Integrate applications with AWS services: Amazon DynamoDB & Amazon Kinesis [Tutorial]

AWS provides hybrid capabilities for networking, storage, database, application development, and management tools for secure and seamless integration. In today's tutorial, we will integrate applications with the two popular AWS services namely Amazon DynamoDB and Amazon Kinesis.

Amazon DynamoDB is a fast, fully managed, highly available, and scalable NoSQL database service from AWS. DynamoDB uses key-value and document store data models. Amazon Kinesis is used to collect real-time data to process and analyze it.

This article is an excerpt from a book 'Expert AWS Development' written by Atul V. Mistry. By the end of this tutorial, you will know how to integrate applications with the relative AWS services and best practices.

Amazon DynamoDB

The Amazon DynamoDB service falls under the Database category. It is a fast NoSQL database service from Amazon. It is highly durable as it will replicate data across three distinct geographical facilities in AWS regions. It's great for web, mobile, gaming, and IoT applications.

DynamoDB will take care of software patching, hardware provisioning, cluster scaling, setup, configuration, and replication. You can create a database table and store and retrieve any amount and variety of data. It will delete expired data automatically from the table. It will help to reduce the usage storage and cost of storing data which is no longer needed.

Amazon DynamoDB Accelerator (DAX) is a highly available, fully managed, and in-memory cache. For millions of requests per second, it reduces the response time from milliseconds to microseconds.

DynamoDB is allowed to store up to 400 KB of large text and binary objects. It uses SSD storage to provide high I/O performance.

Integrating DynamoDB into an application

The following diagram provides a high-level overview of integration between your application and DynamoDB:

applications-with-aws-services-amazon-dynamodb-amazon-kinesis-img-0

Please perform the following steps to understand this integration:

Your application in your programming language which is using an AWS SDK.

DynamoDB can work with one or more programmatic interfaces provided by AWS SDK.

From your programming language, AWS SDK will construct an HTTP or HTTPS request with a DynamoDB low-level API.

The AWS SDK will send a request to the DynamoDB endpoint.

DynamoDB will process the request and send the response back to the AWS SDK. If the request is executed successfully, it will return HTTP 200 (OK) response code. If the request is not successful, it will return HTTP error code and error message.

The AWS SDK will process the response and send the result back to the application.

The AWS SDK provides three kinds of interfaces to connect with DynamoDB. These interfaces are as follows:

Low-level interface

Document interface

Object persistence (high-level) interface

Let's explore all three interfaces. The following diagram is the Movies table, which is created in DynamoDB and used in all our examples:

Low-level interface

AWS SDK programming languages provide low-level interfaces for DynamoDB. These SDKs provide methods that are similar to low-level DynamoDB API requests.
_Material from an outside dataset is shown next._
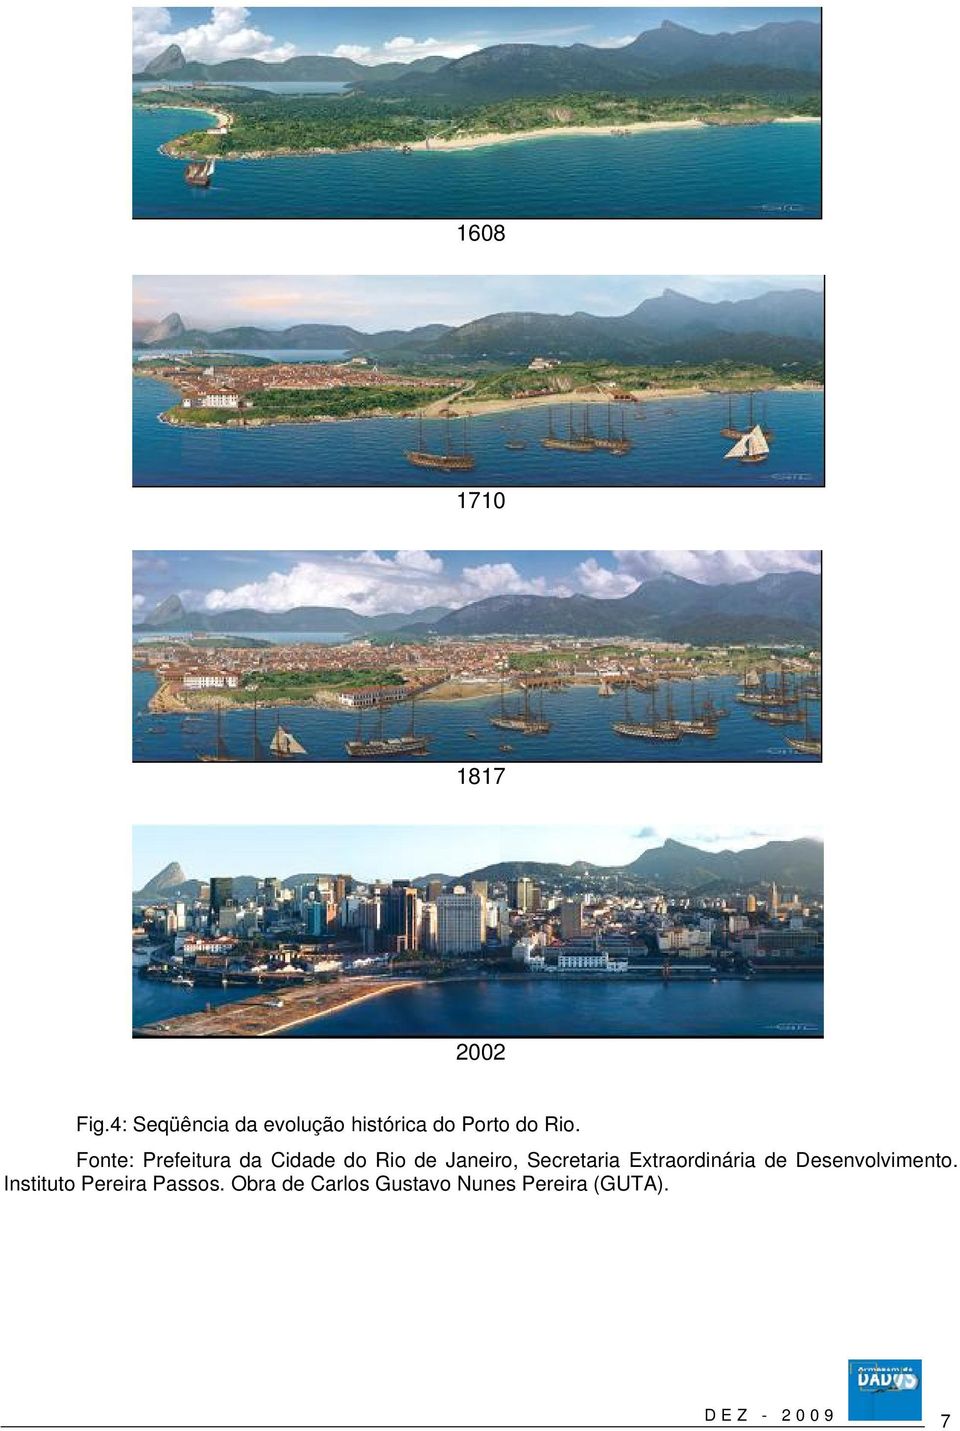 Fonte: Prefeitura da Cidade do Rio de Janeiro, Secretaria

The following example uses the Java language for the low-level interface of AWS SDKs. Here you can use Eclipse IDE for the example.

In this Java program, we request getItem from the Movies table, pass the movie name as an attribute, and print the movie release year:

Let's create the MovieLowLevelExample file. We have to import a few classes to work with the DynamoDB.
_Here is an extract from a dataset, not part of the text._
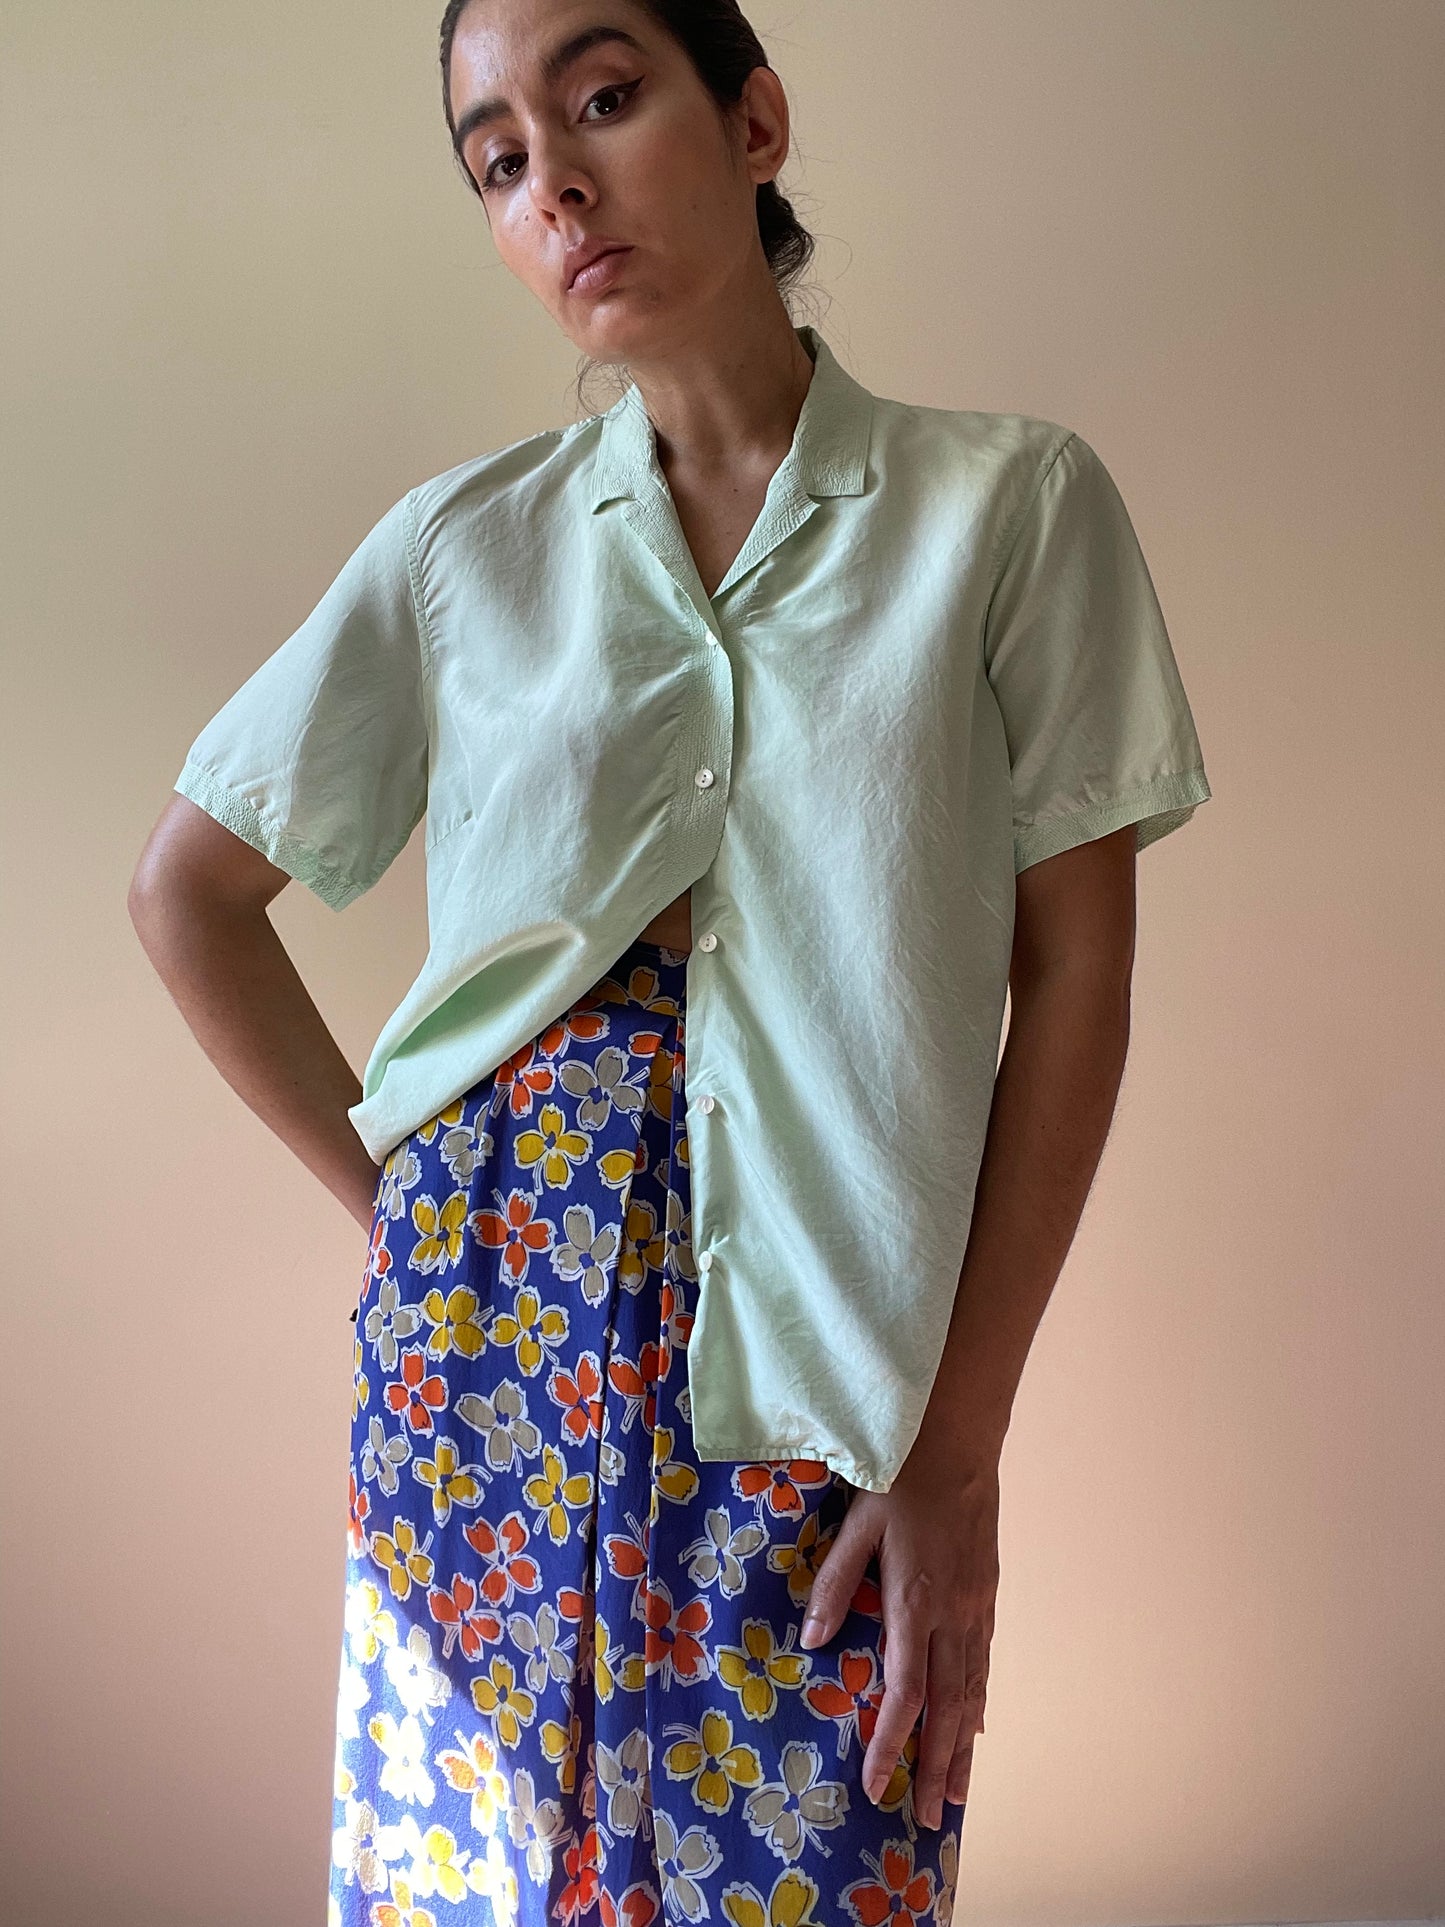 Vintage Floral Skirt

AmazonDynamoDBClient is used to create the DynamoDB client instance. AttributeValue is used to construct the data. In AttributeValue, name is datatype and value is data:

- GetItemRequest is the input of GetItem
- GetItemResult is the output of GetItem

The following code will create the dynamoDB client instance. You have to assign the credentials and region to this instance:

Static AmazonDynamoDBClient dynamoDB;

In the code, we have created HashMap, passing the value parameter as AttributeValue().withS(). It contains actual data and withS is the attribute of String:

String tableName = "Movies";

HashMap<String, AttributeValue> key = new HashMap<String, AttributeValue>();
key.put("name", new AttributeValue().withS("Airplane"));

GetItemRequest will create a request object, passing the table name and key as a parameter. It is the input of GetItem:

GetItemRequest request = new GetItemRequest()
       .withTableName(tableName).withKey(key);

GetItemResult will create the result object. It is the output of getItem where we are passing request as an input:

GetItemResult result = dynamoDB.getItem(request);

It will check the getItem null condition. If getItem is not null then create the object for AttributeValue. It will get the year from the result object and create an instance for yearObj. It will print the year value from yearObj:

if (result.getItem() != null) {
   AttributeValue yearObj = result.getItem().get("year");
   System.out.println("The movie Released in " + yearObj.getN());
} else {
System.out.println("No matching movie was found");
}

Document interface

This interface enables you to do Create, Read, Update, and Delete (CRUD) operations on tables and indexes. The datatype will be implied with data from this interface and you do not need to specify it.

The AWS SDKs for Java, Node.js, JavaScript, and .NET provides support for document interfaces.

The following example uses the Java language for the document interface in AWS SDKs. Here you can use the Eclipse IDE for the example.

In this Java program, we will create a table object from the Movies table, pass the movie name as attribute, and print the movie release year.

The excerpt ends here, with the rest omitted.